Little attended Harvard University, where he played four years of football for the Crimson and graduated in 2001 with a bachelor's degree in government, cum laude in field, with a citation for proficiency in Spanish. In 2000, Little received the William Paine LaCroix Trophy given to the member of the Harvard Football team most exemplifying loyalty and team spirit. Little then attended the University of Texas School of Law, earning a Juris Doctor degree in December 2003, working his way through school and taking summer school both summers.

== Professional ==
Little is a business trial lawyer and an equity partner and member of the Executive Committee of Scheef & Stone, L.L.P. Earlier in his career, Little was named a Texas Rising Star by Thomson Reuters from 2007 to 2008 and 2010–2015. From 2015–2025, Little was named a Texas SuperLawyer by Thomson Reuters, including being named to their Top 100 list twice for DFW. Little has been recognized from 2016 to 2025 as a Best Lawyer in America and named to D Magazine’s Best Lawyers in Dallas in 2014 and from 2016 to 2023.

Little was honored by the Collin County Business Press in 2012 as one of its “Forty Under Forty.”

== Impeachment of Ken Paxton ==
On May 27, 2023, the Texas House of Representatives impeached Attorney General Ken Paxton. Alongside attorneys Tony Buzbee and Dan Cogdell, Little defended Paxton in his impeachment proceeding before the Texas Senate. After a ten day trial in September 2023, Paxton was acquitted on all charges.

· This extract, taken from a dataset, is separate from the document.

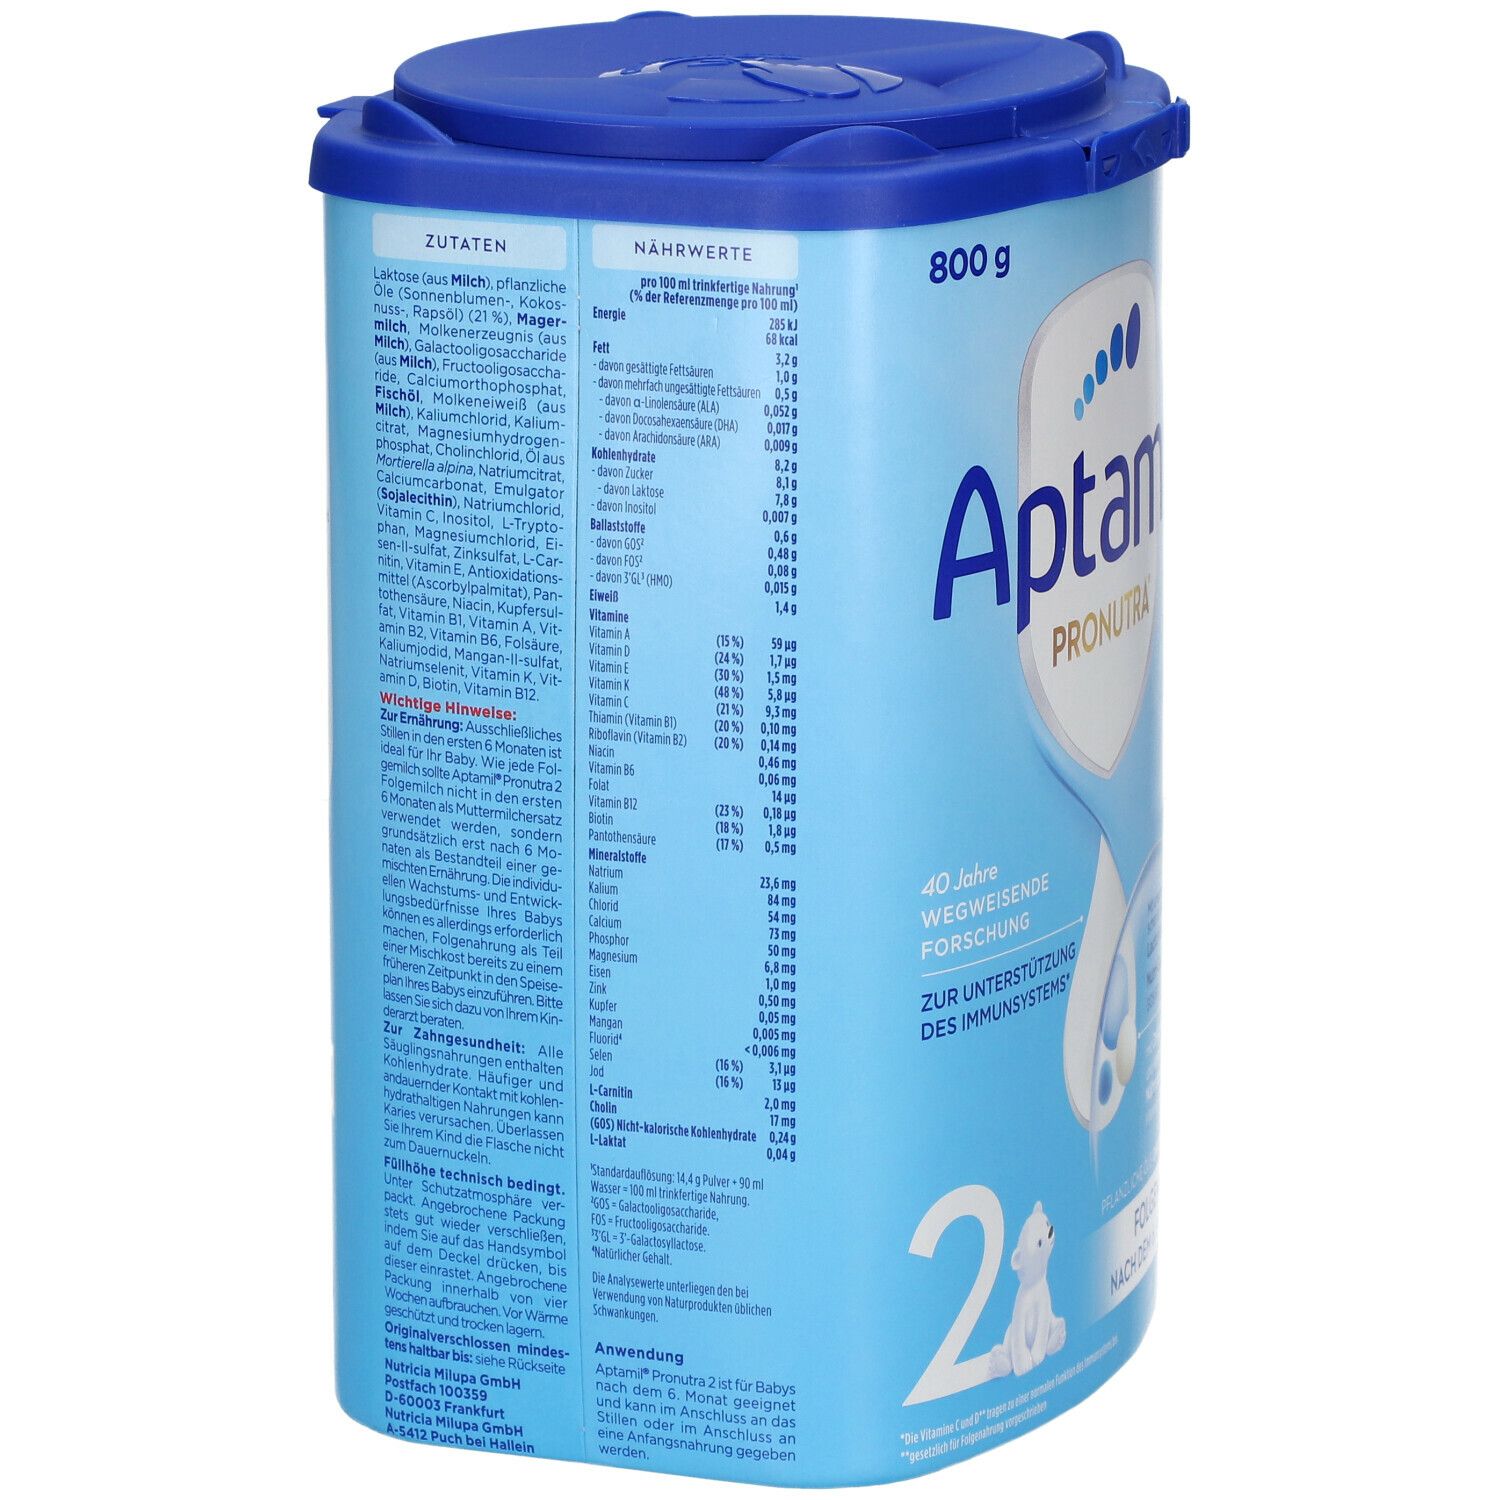 Aptamil® Pronutra 2 Folgemilch ab dem 6. Monat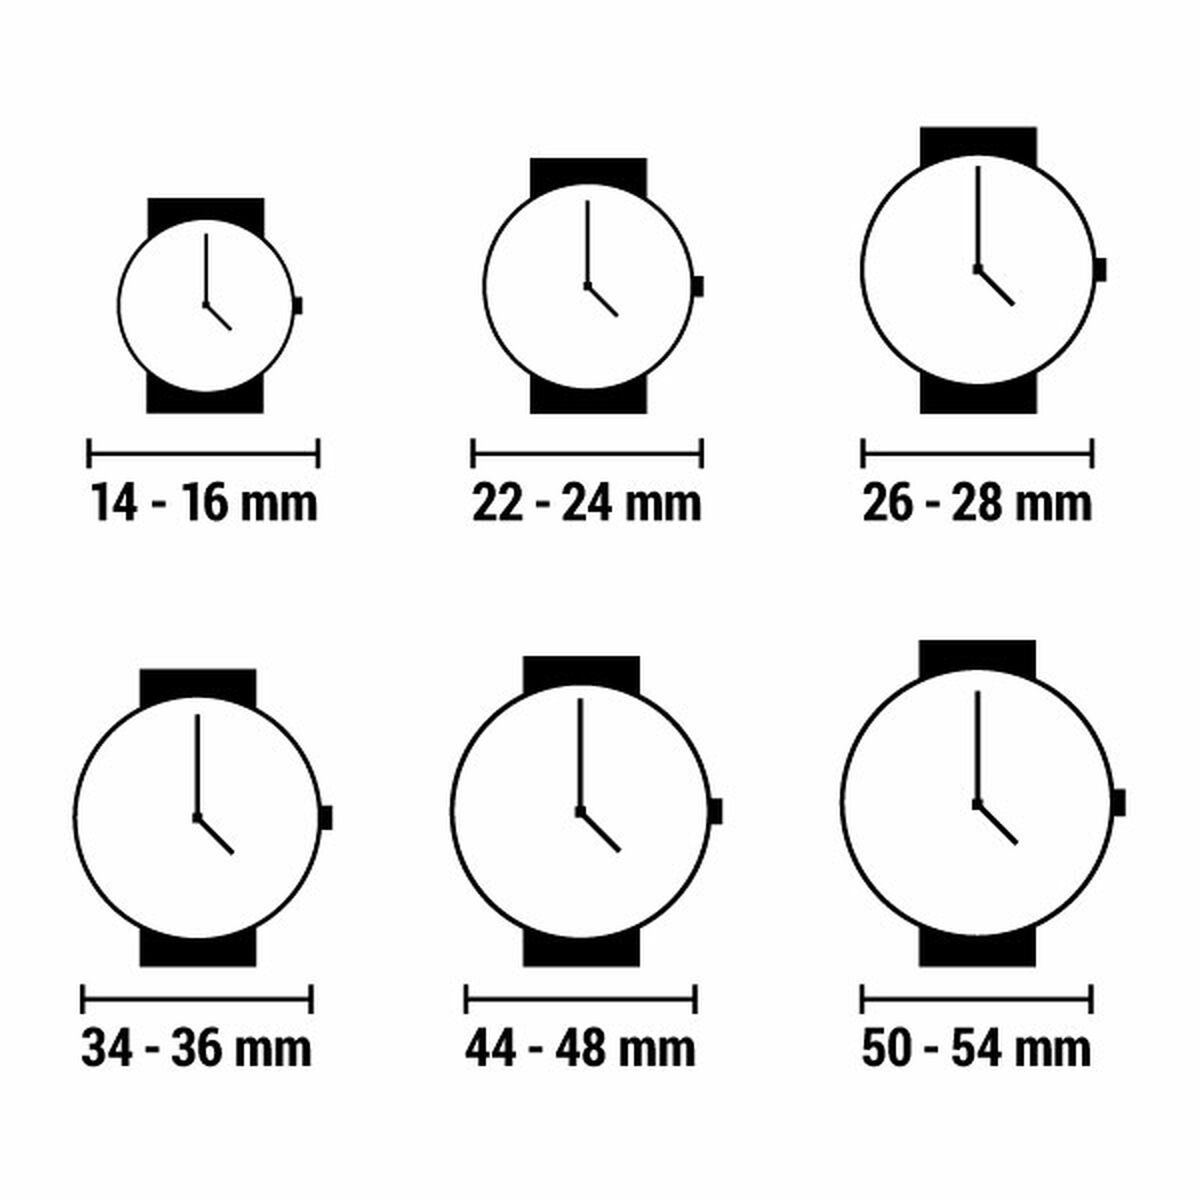 Horloge Dames Esprit ES1L065M0095

== Texas House of Representatives ==
On March 5, 2024, Little defeated one-term incumbent Kronda Thimesch to represent House District 65. Little received 10,971 votes to Thimesch’s 10,675. On November 5, 2024, Little defeated Democratic opponent Detrick Deburr by over 20% of the vote, earning 60,284 votes to Deburr’s 39,686.

Little currently serves in the Texas House on the Committees on Transportation and Criminal Jurisprudence.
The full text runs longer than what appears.